I think the relevant class that would have to be updated is here: disk-objectstore/disk_objectstore/utils.py at 73f14e3953c276268b7f7395ad385e693798e247 · aiidateam/disk-objectstore · GitHub ? Which seems to be a separate project. So PRs to two different projects would then be needed.

Maybe one idea would be to pass on all attribute lookups that are not directly implemented by the class to the underlying file-handle? They do something similar in sisl: sisl/src/sisl/io/sile.py at abce28681dc40f99371d932738820380691b6fa4 · zerothi/sisl · GitHub

Oh we cross-posted :slight_smile:
I think the issue is that the disk-objectstore LazyOpener does not “proxy” those attributes. We should indeed do it - I think it’s for now OK for you to do it, but I would add the methods to disk-objectstore/disk_objectstore/utils.py at 73f14e3953c276268b7f7395ad385e693798e247 · aiidateam/disk-objectstore · GitHub
And hopefully this fixes the problem. Anyone willing to take care of coordinating this set of PRs?
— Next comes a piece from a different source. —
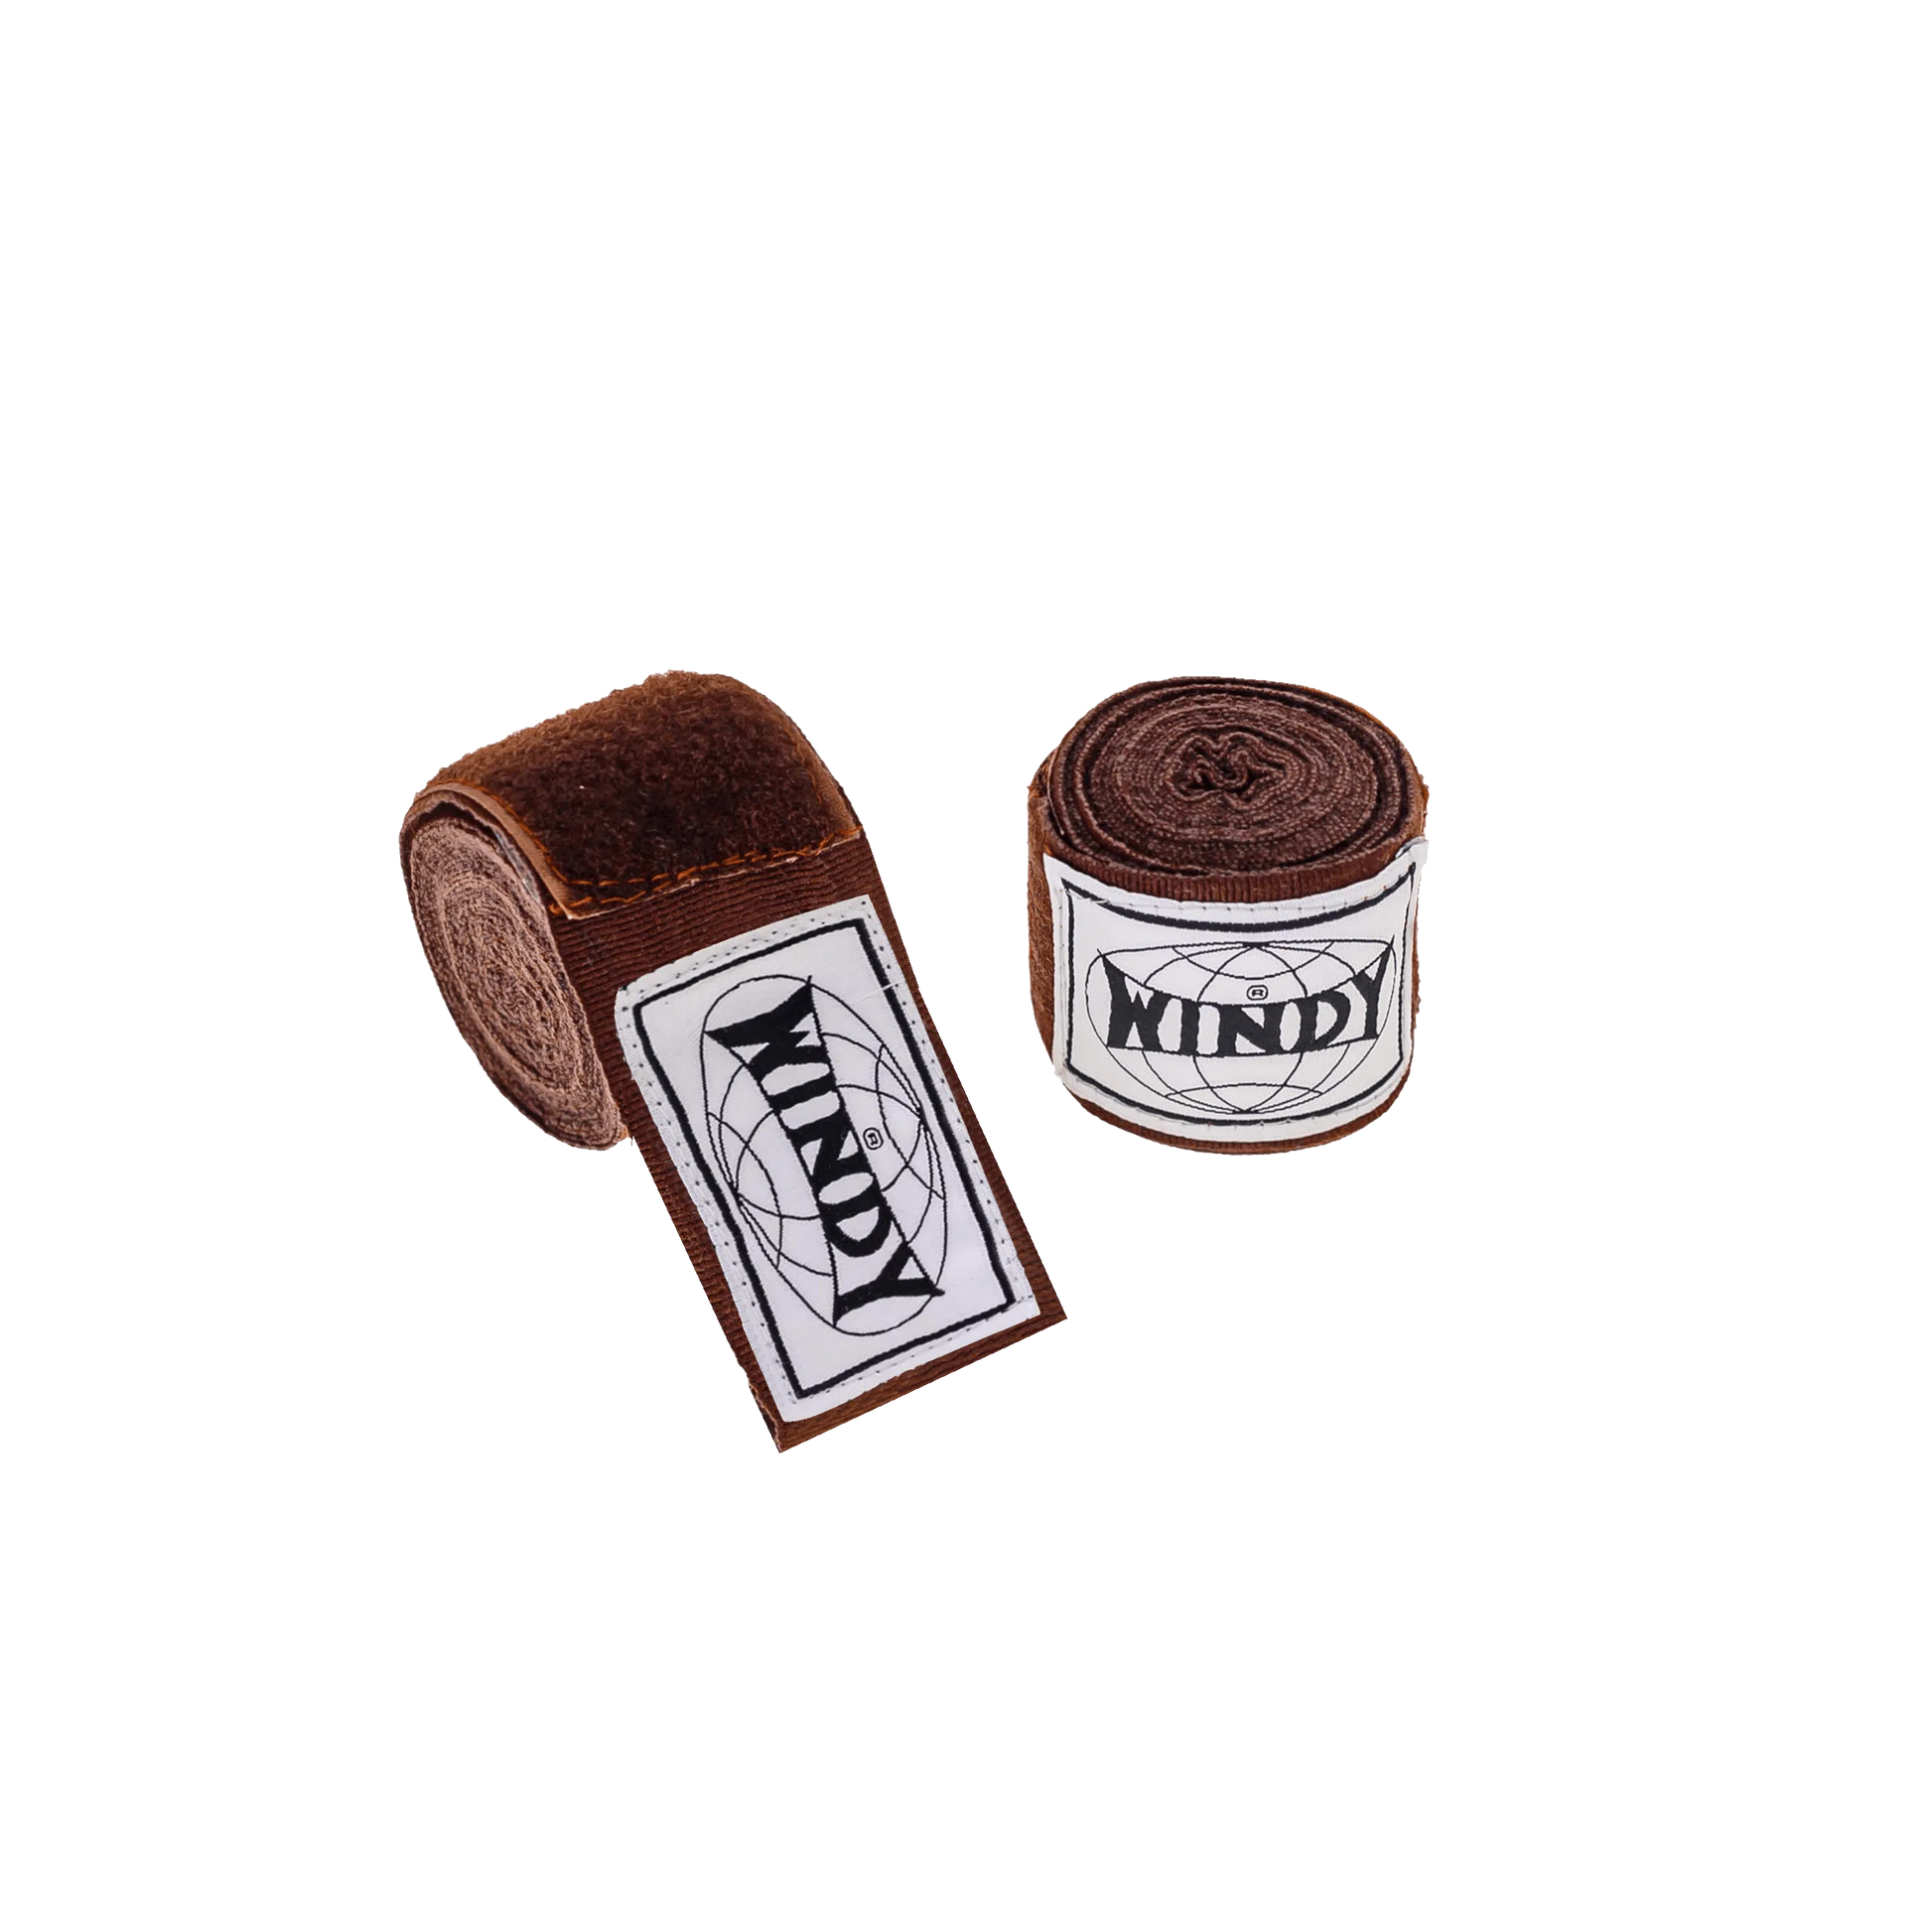 Windy Hand Wraps - Brown
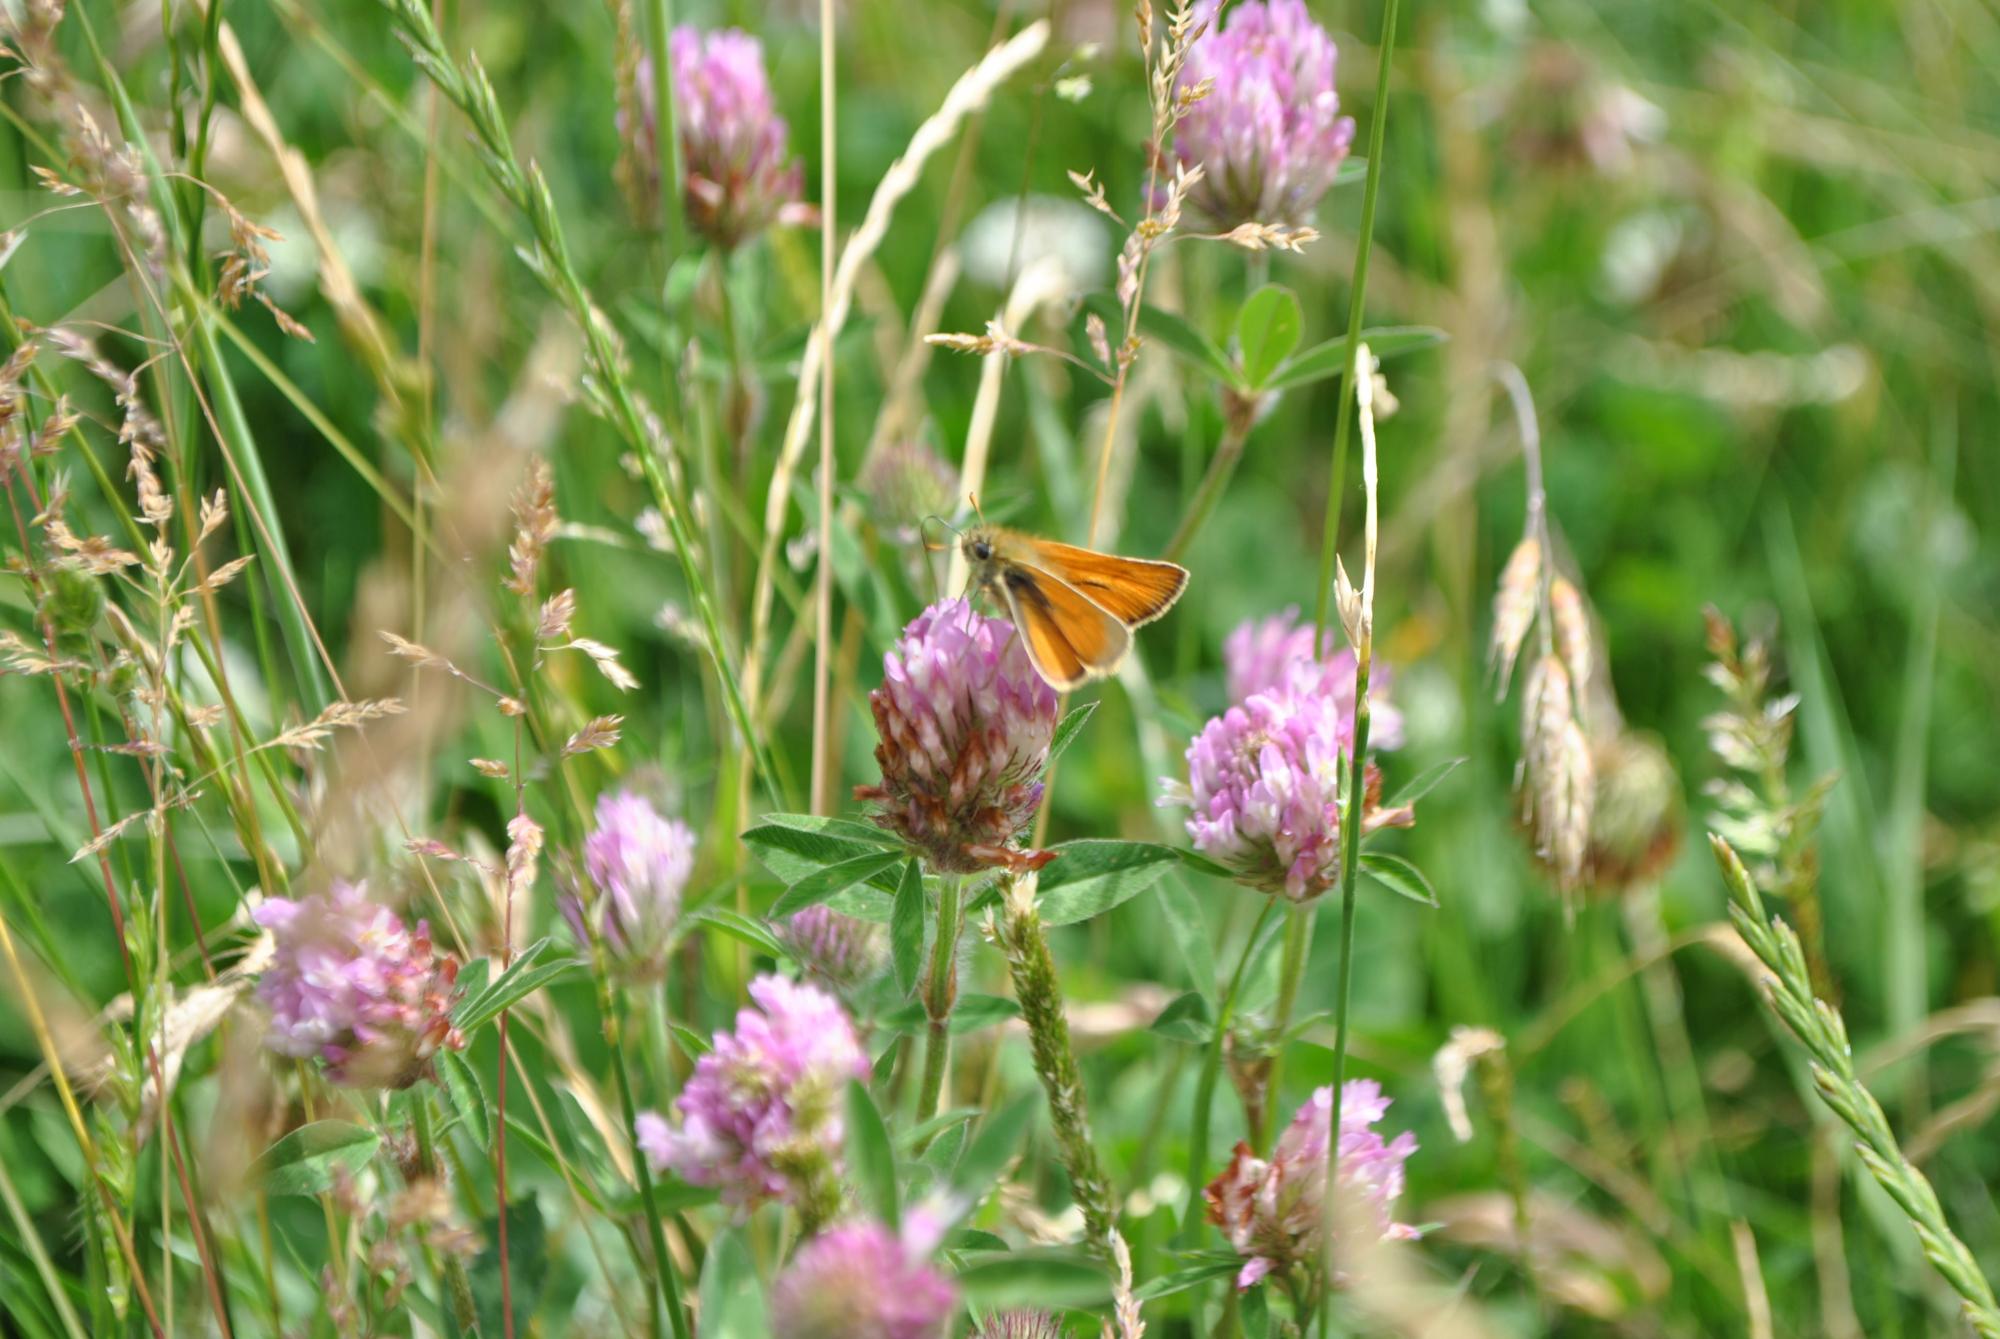 A Skipper butterfly in the grassy meadow with grass and clover

Yes, sorry. I have been adding more information to my previous replies a bit erratically :sweat_smile:

I think the issue is that the disk-objectstore LazyOpener does not “proxy” those attributes. We should indeed do it - I think it’s for now OK for you to do it, but I would add the methods to disk-objectstore/disk_objectstore/utils.py at 73f14e3953c276268b7f7395ad385e693798e247 · aiidateam/disk-objectstore · GitHub

Is it enough to add them to the LazyOpener? For my particular case I actually have a PackedObjectReader (probably because the file in question was packed into a pack file during a regular storage maintain?).

Thanks for the additional info - yes, probably we need to proxy those methods in all relevant classes in the utils.py file of disk-objectstore

@ahkole, thanks for posting this issue and also finding the solution!
I think a more general solution is somehow clear now,

Would you like to open two PRs on aiida-core and disk_objectstore yourself? In that case we can review it :slight_smile:

Hi @ali-khosravi . Yes, I would like to give this a try and open two PRs on aiida-core and disk_objectstore in the coming days.

1 Like

Perfect! looking forward to it :slight_smile:

Hi, I was (finally) able to find some time to try to fix this and I think I got it working. Before creating a PR I wanted to ask a question about a design choice. Right now I’m “proxying” all the missing attributes expected by TextIOWrapper by defining a __getattr__ for LazyOpener and PackedObjectReader, like so

def __getattr__(self, attr) -> Any:
    """For attributes not explicitly defined, return attributes
    of underlying filehandle.
    """
    return getattr(self._fhandle, attr)

with an additional check for LazyOpener that the filehandle exists. Do you think this proxying makes sense for LazyOpener and PackedObjectReader? Or should I only proxy those attributes that are expected by TextIOWrapper and still missing?